### WHAT YOU WILL DO
Go through the entries below and print, exactly, the lines starting at the one with "Oracleライセンス" and ending at the one with "Boombah Custom Apparel - Custom Labs", keeping both ends and no others.

### PROVIDED INFORMATION
# # # #
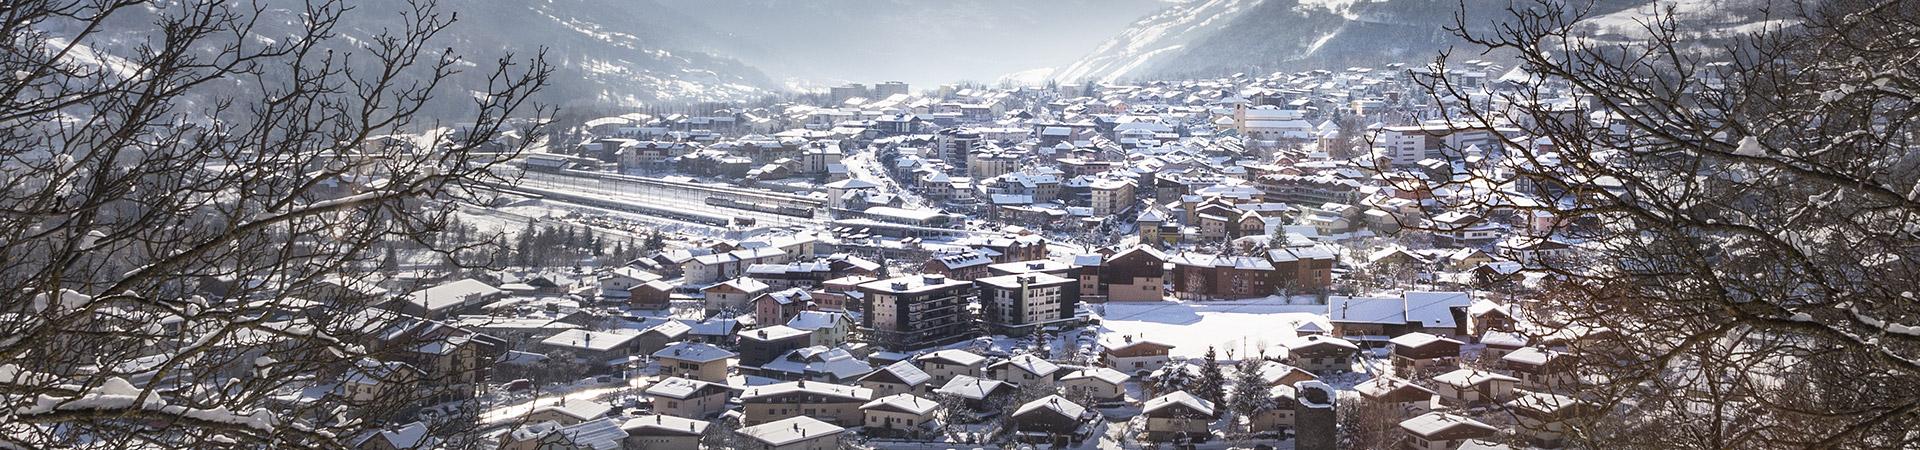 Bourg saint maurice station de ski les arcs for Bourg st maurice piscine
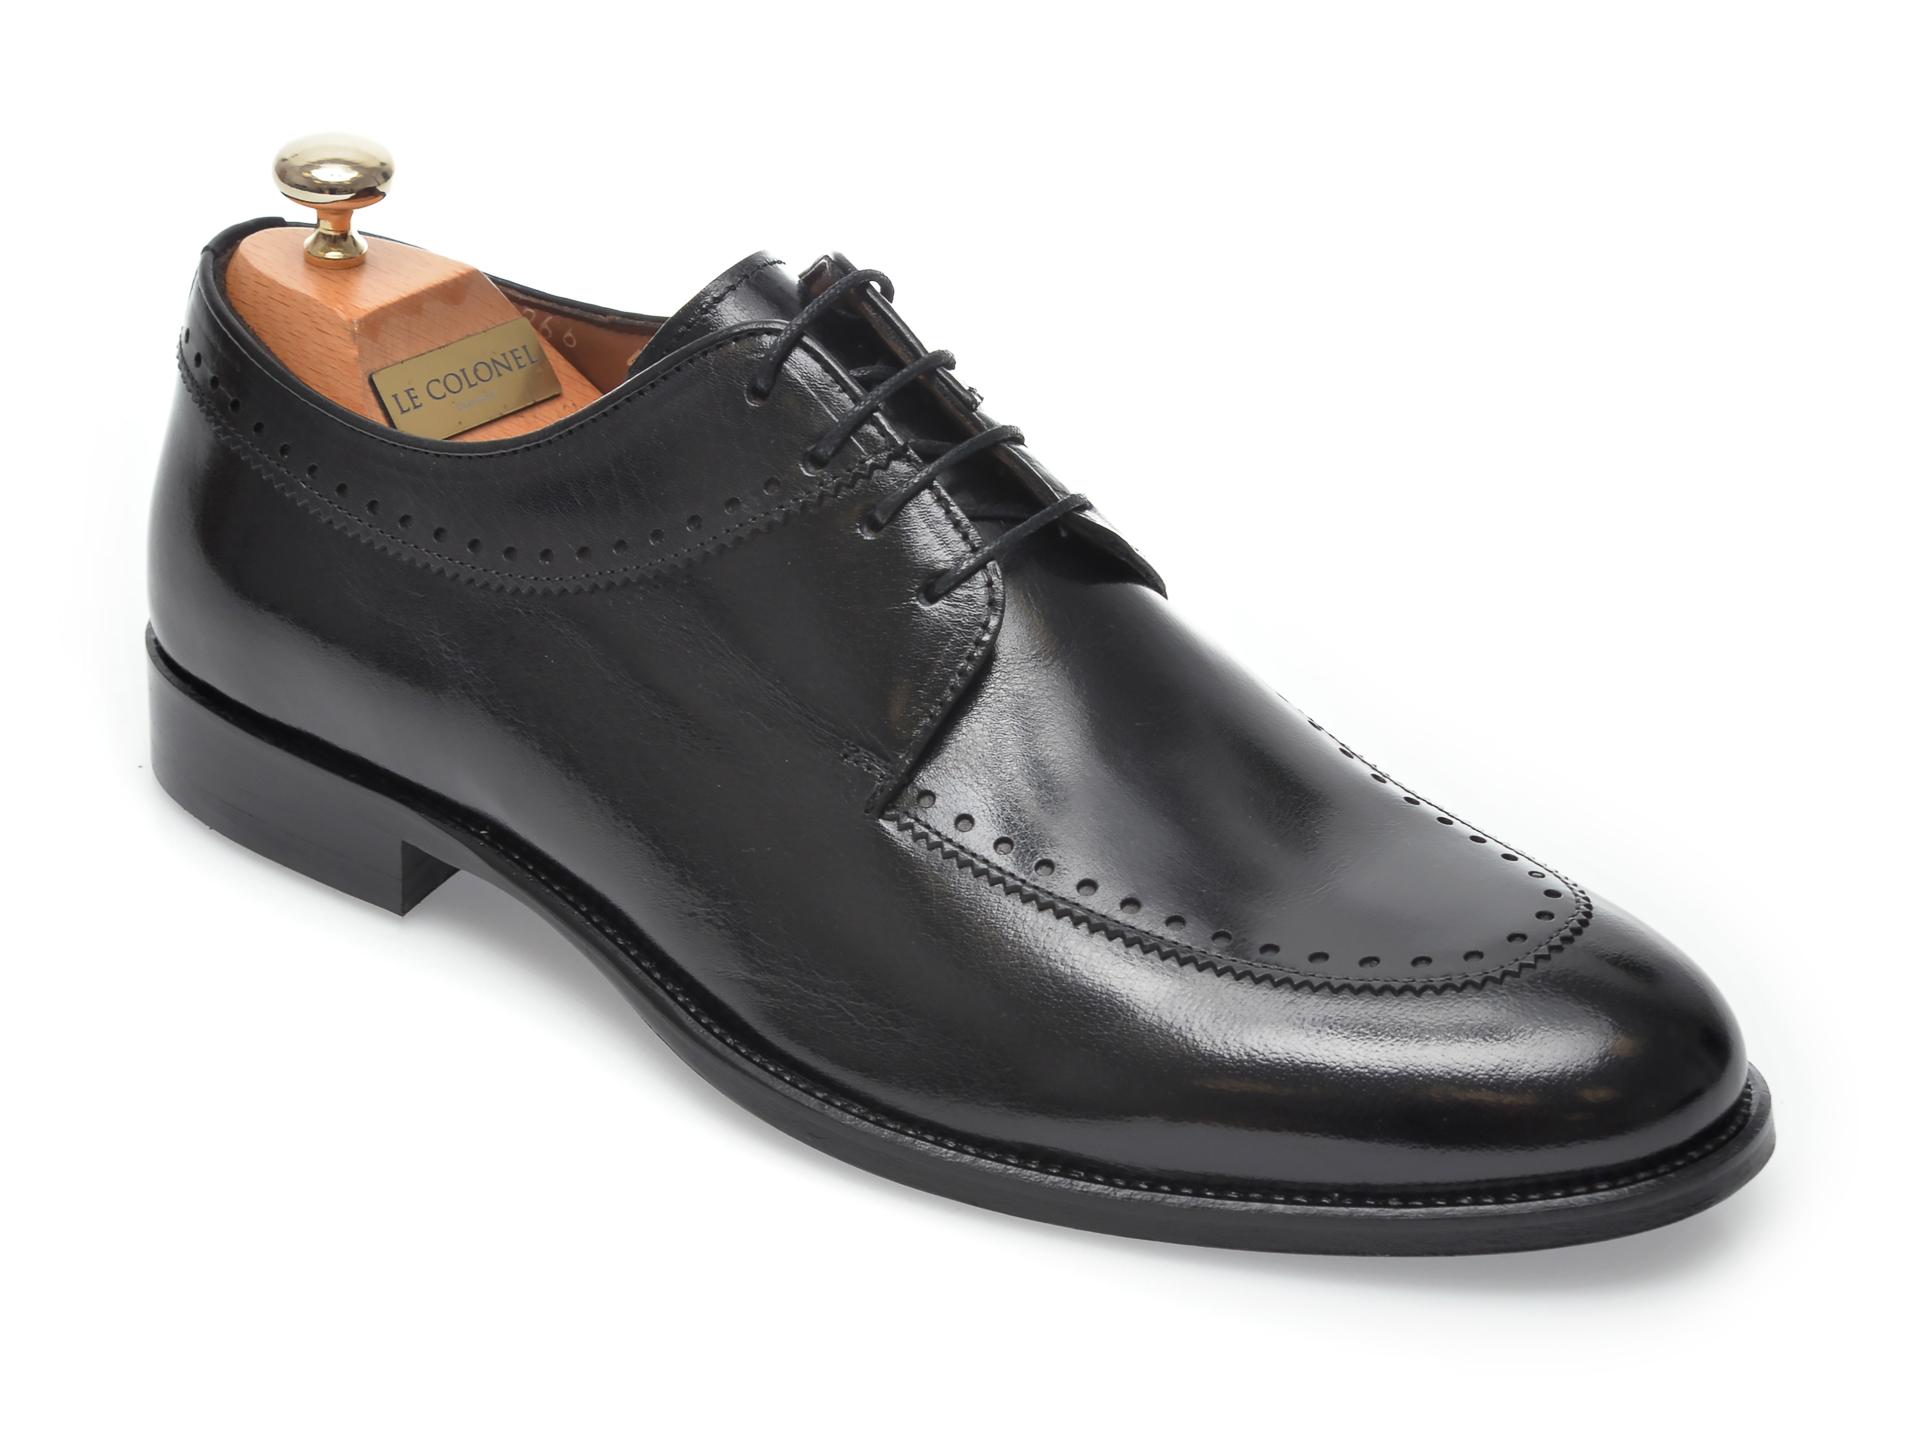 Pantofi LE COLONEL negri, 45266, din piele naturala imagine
# # # #
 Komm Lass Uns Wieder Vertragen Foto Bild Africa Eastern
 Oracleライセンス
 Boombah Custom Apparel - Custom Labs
# # # #
### ANSWER BOX
 Oracleライセンス
 Boombah Custom Apparel - Custom Labs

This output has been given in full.